Following an acquisition, an acquirer is required by Accounting Standards Codification Topic 805, Business Combinations and International Financial Reporting Standard 3, Business Combinations to record the fair value of the assets acquired and liabilities assumed when setting up an opening balance sheet for an acquired entity. One category of assets is amortizable identifiable intangible assets. While not an intangible asset itself, the value of an assembled workforce (a contributory asset) affects the value of certain amortizable intangible assets.
The value of an assembled workforce is the cost to recruit and train a workforce to replace the service capacity of the one that has been acquired. But current calculations often have limitations. The assumptions acquirers use for recruiting and training costs typically do not reflect market data.
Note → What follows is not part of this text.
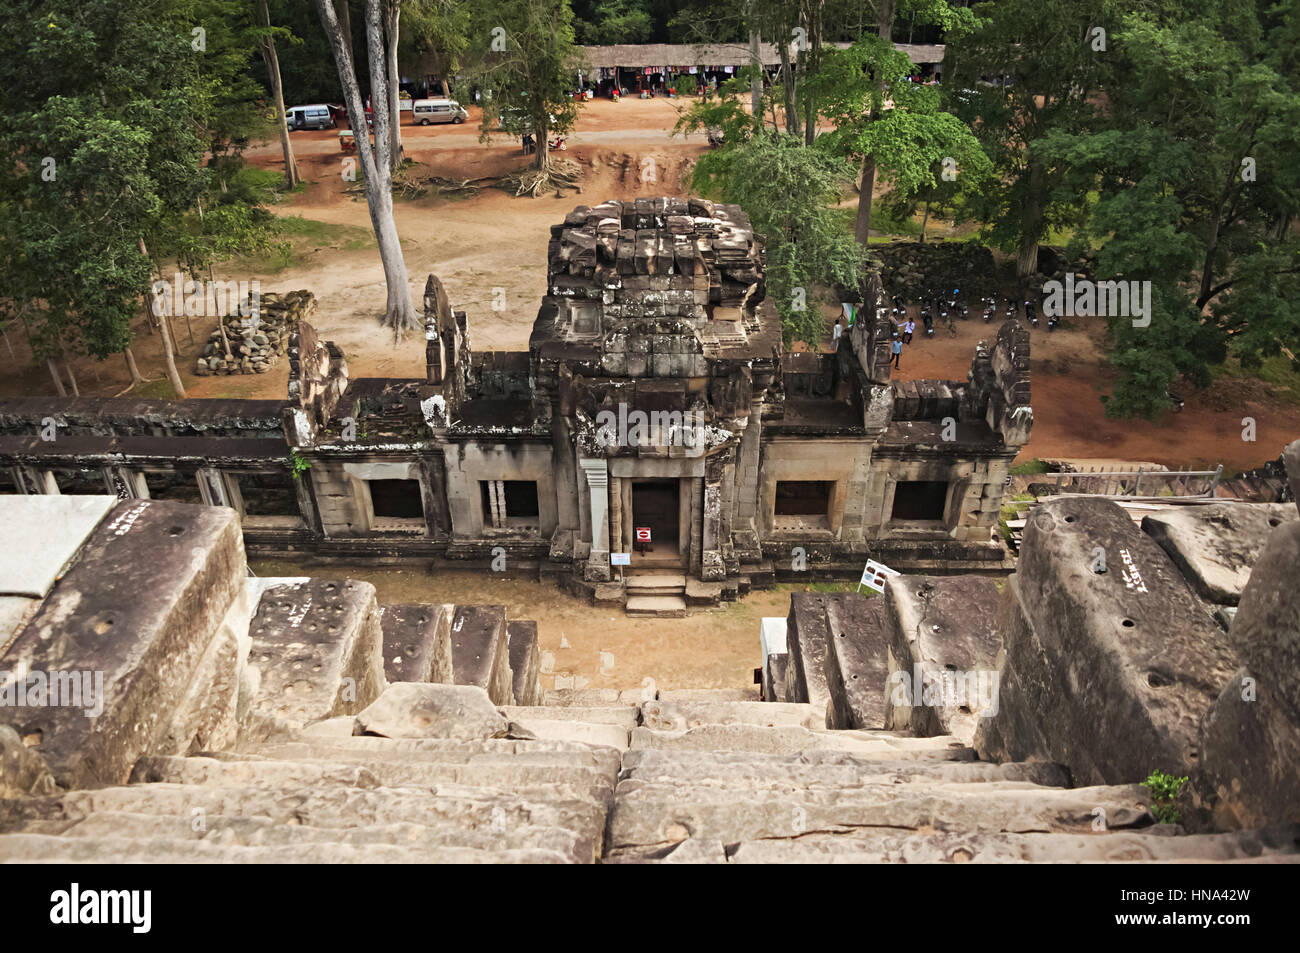 TA Keo Tempel von oben, Angkor, Kambodscha.  Massive unvollendete Bergtempel. Ca. 11 Jh. Stockfoto
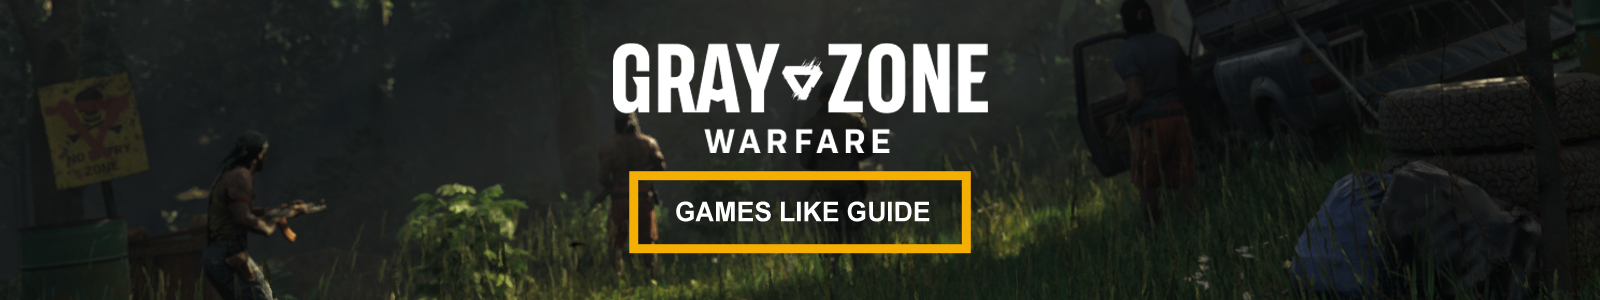 Gray Zone Warfare games like guide

And since consideration of market data is used in other aspects of acquisition accounting, it being omitted here often leads to under- or overvaluation of the assembled workforce valuation and, hence, amortizable intangible assets.
Towers Watson works with clients* and their current processes and advisors to bring our global market data and rigorous measurements to bear to create an informed assembled workforce.
Our assembled workforce services include:
- Aligning jobs
- Defining recruitment and training costs
- Incorporating company and market data
- Selecting assumptions and performing valuations
*Towers Watson works with companies’ current advisors as third-party specialists (as specified in AICPA Valuation Standards) to provide more robust inputs to their valuations.